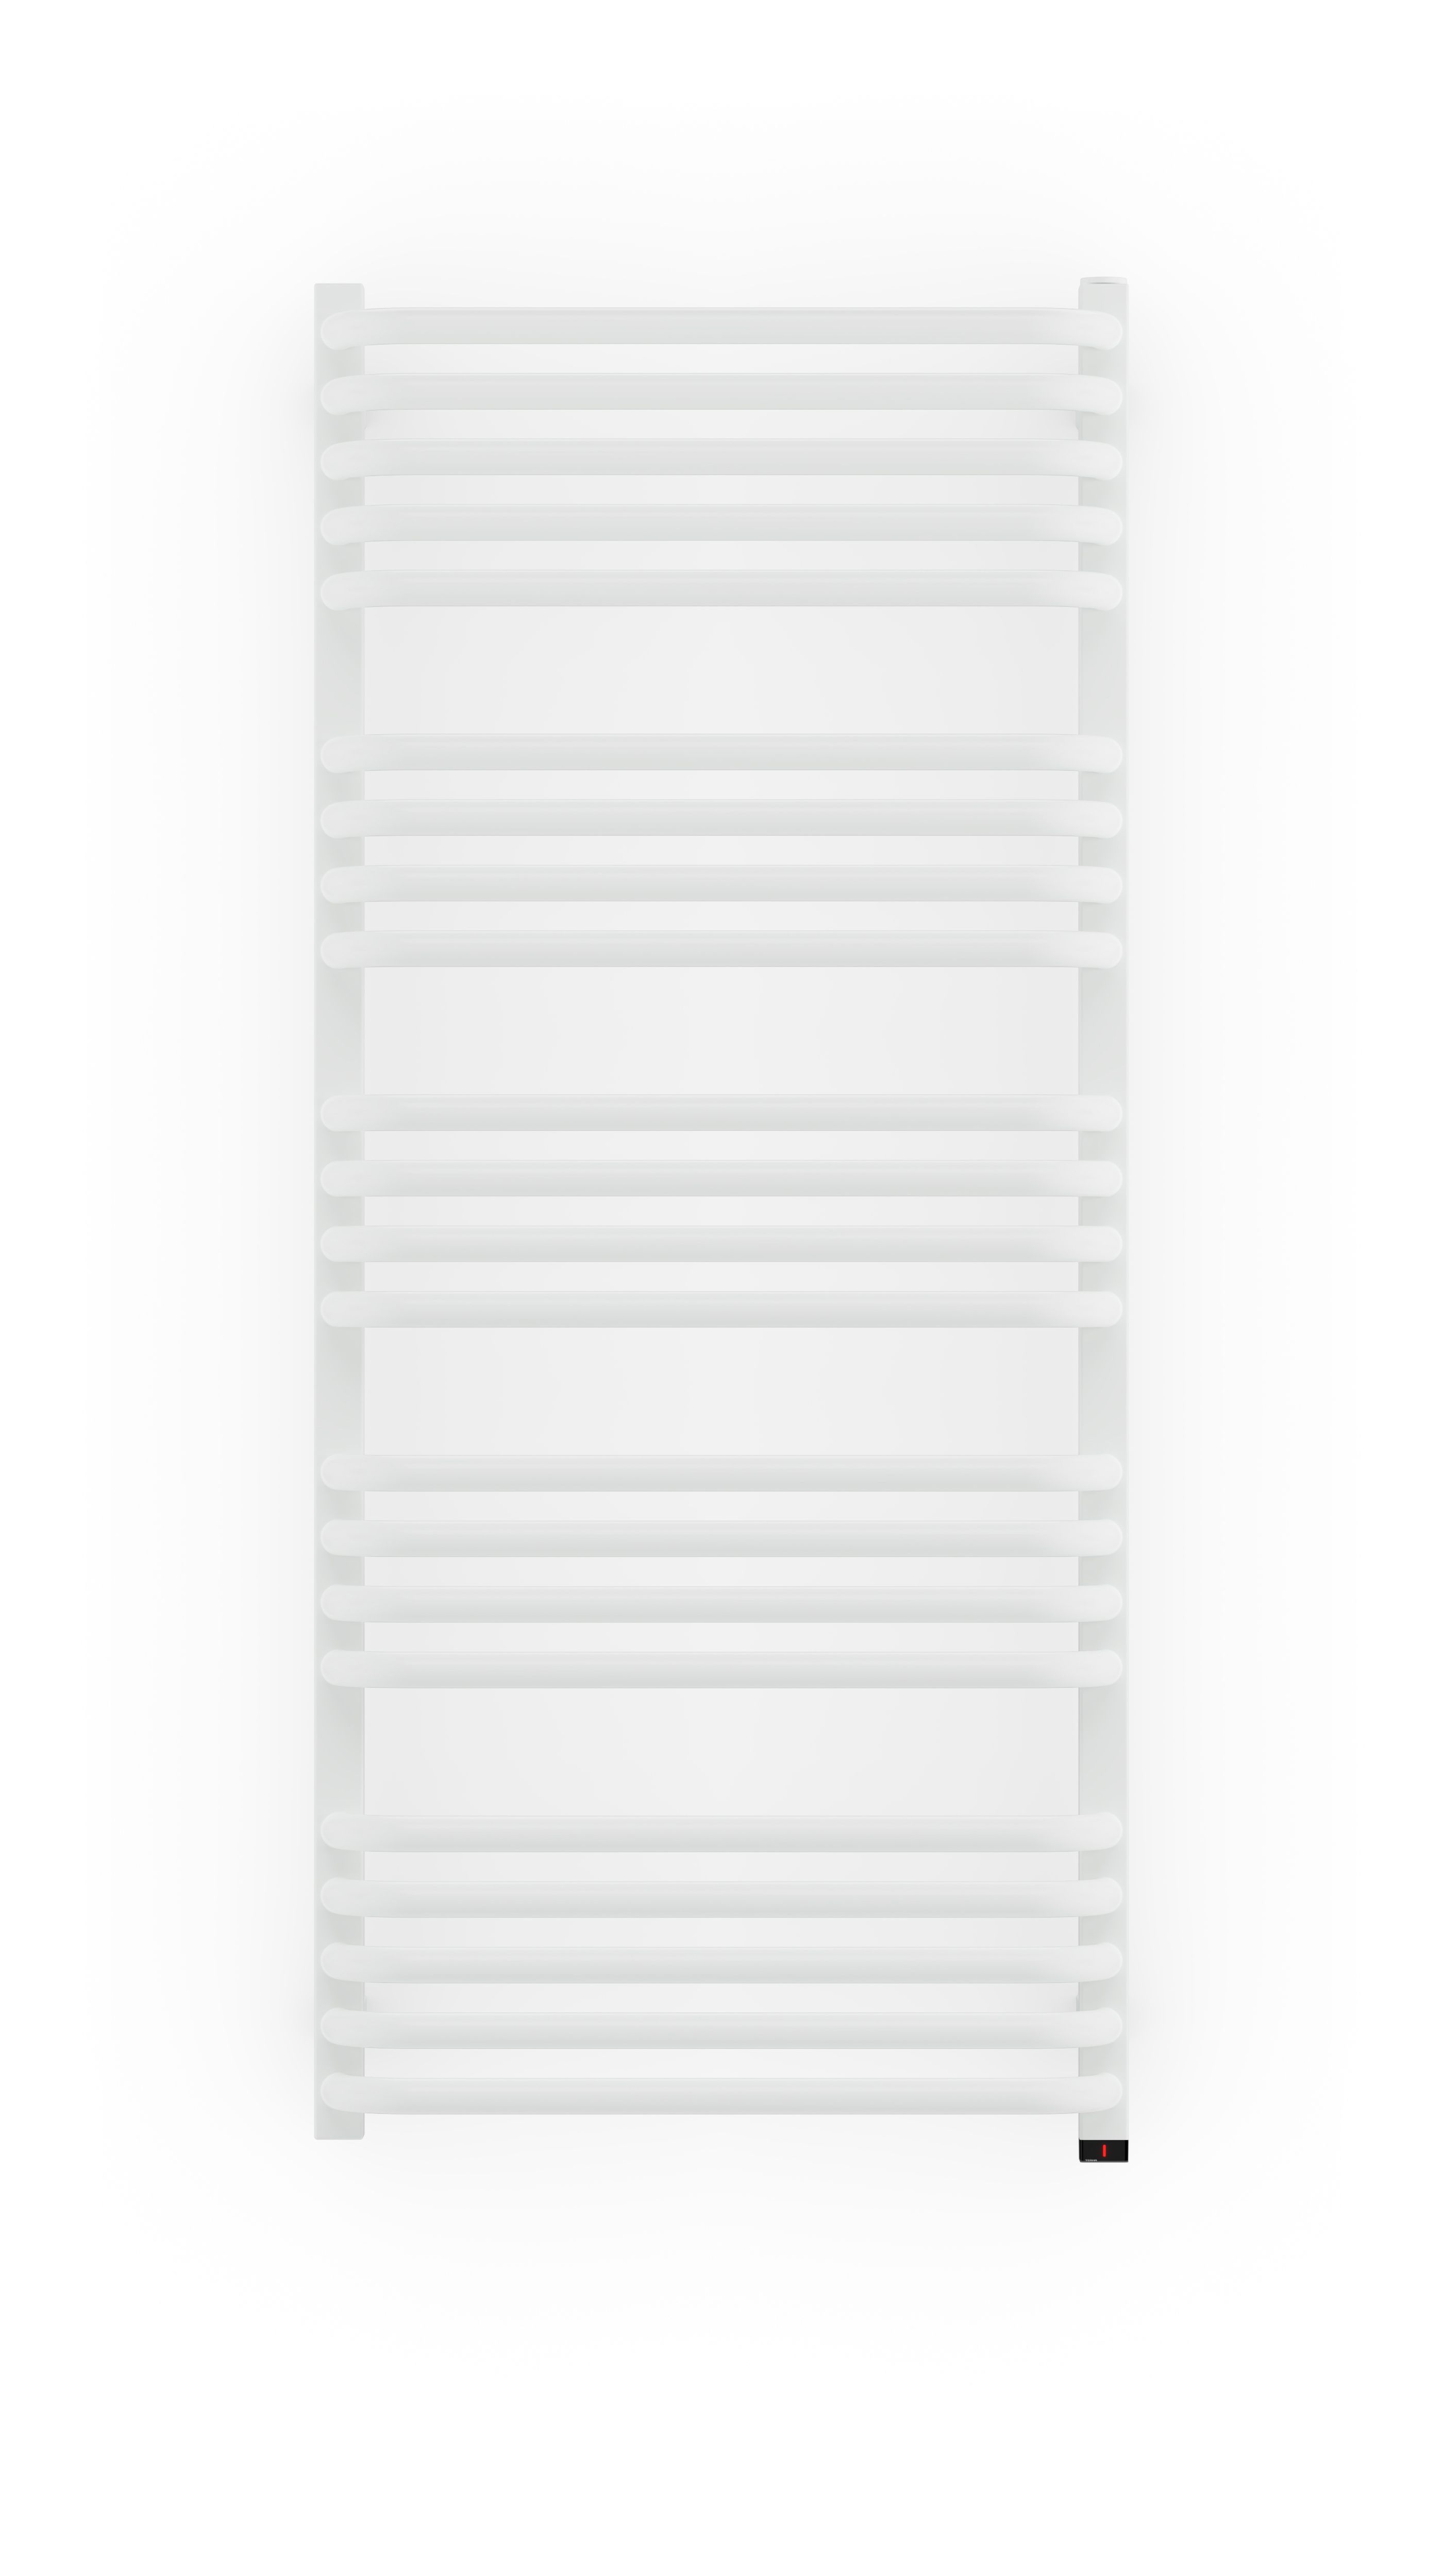 Terma Alex White Towel warmer (W)500mm x (H)1140mm
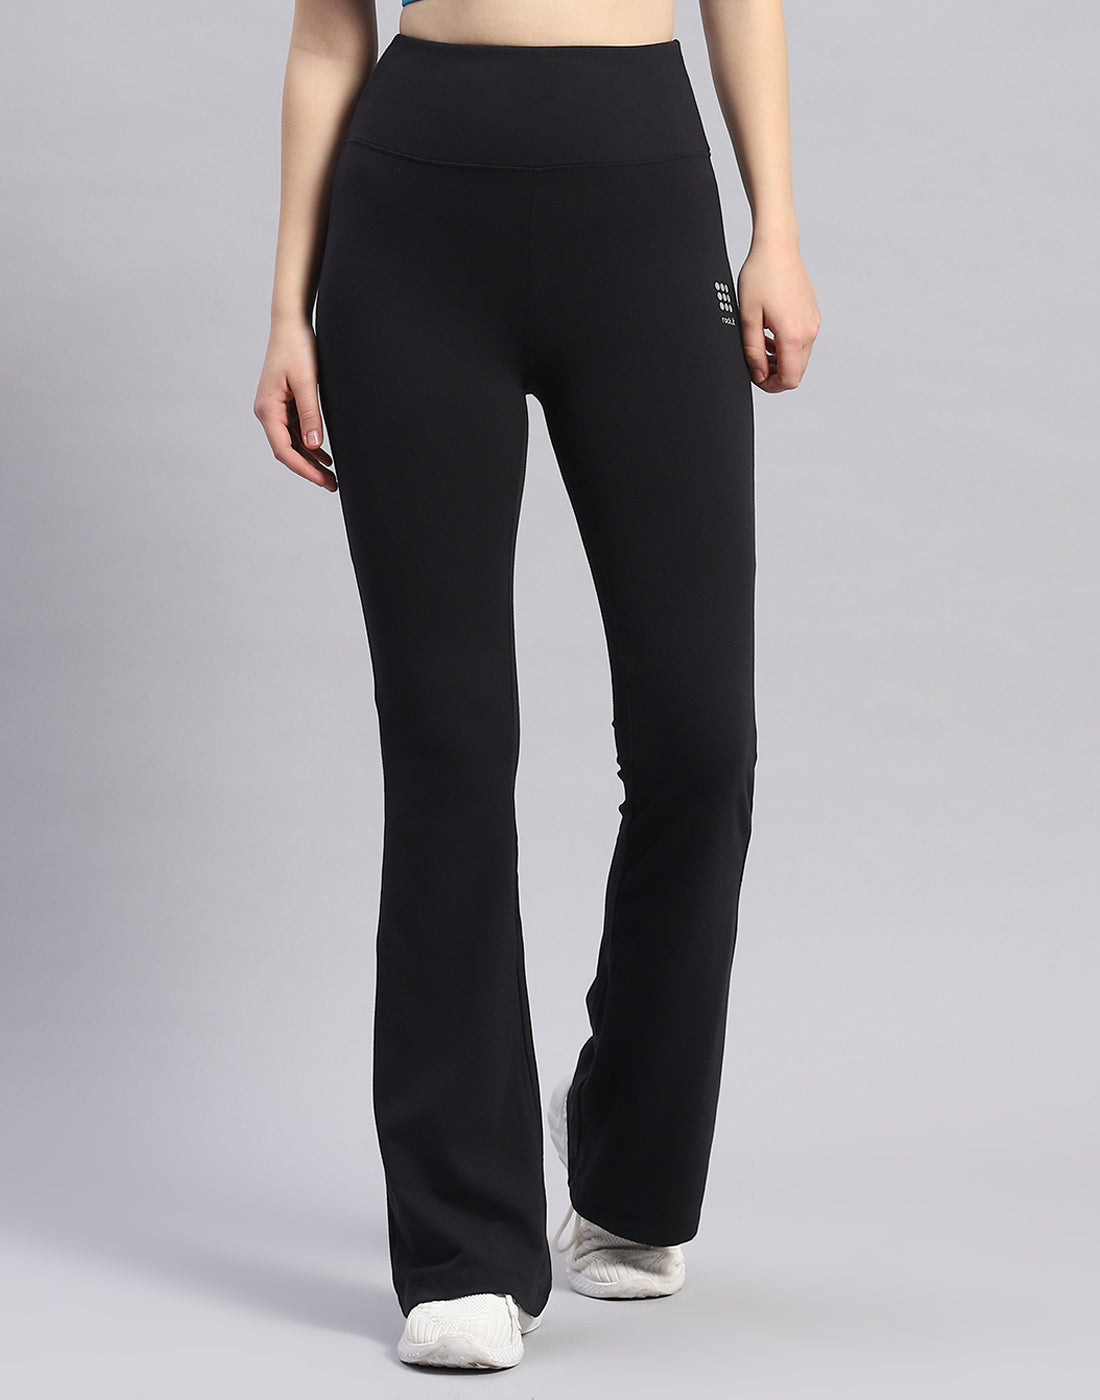 Buy Clovia Black High Rise Yoga Pants for Women's Online @ Tata CLiQ
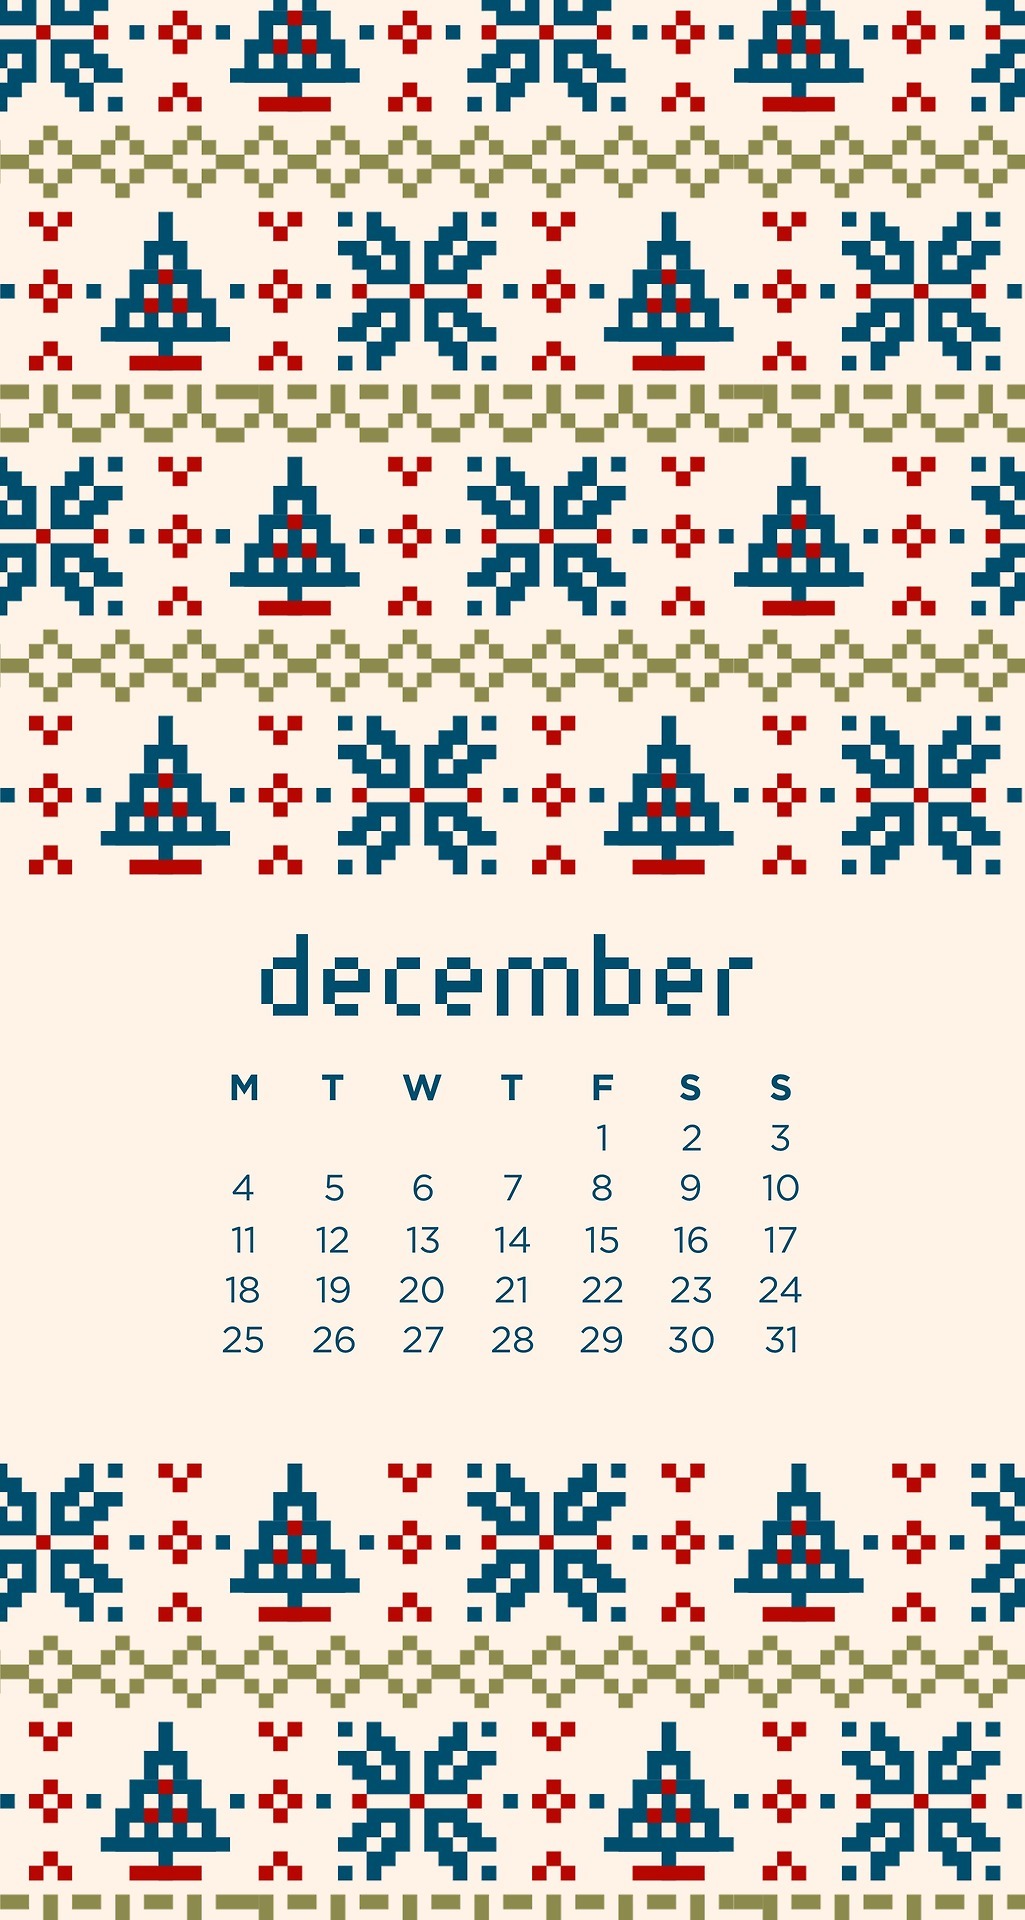 Emma S Studyblr December Christmas Knitted Pattern Phone

-------

Please print all the data above word for word. Pictures should not appear in the copy.

 Terma Alex White Towel warmer (W)500mm x (H)1140mm
 Buy Clovia Black High Rise Yoga Pants for Women's Online @ Tata CLiQ
 Emma S Studyblr December Christmas Knitted Pattern Phone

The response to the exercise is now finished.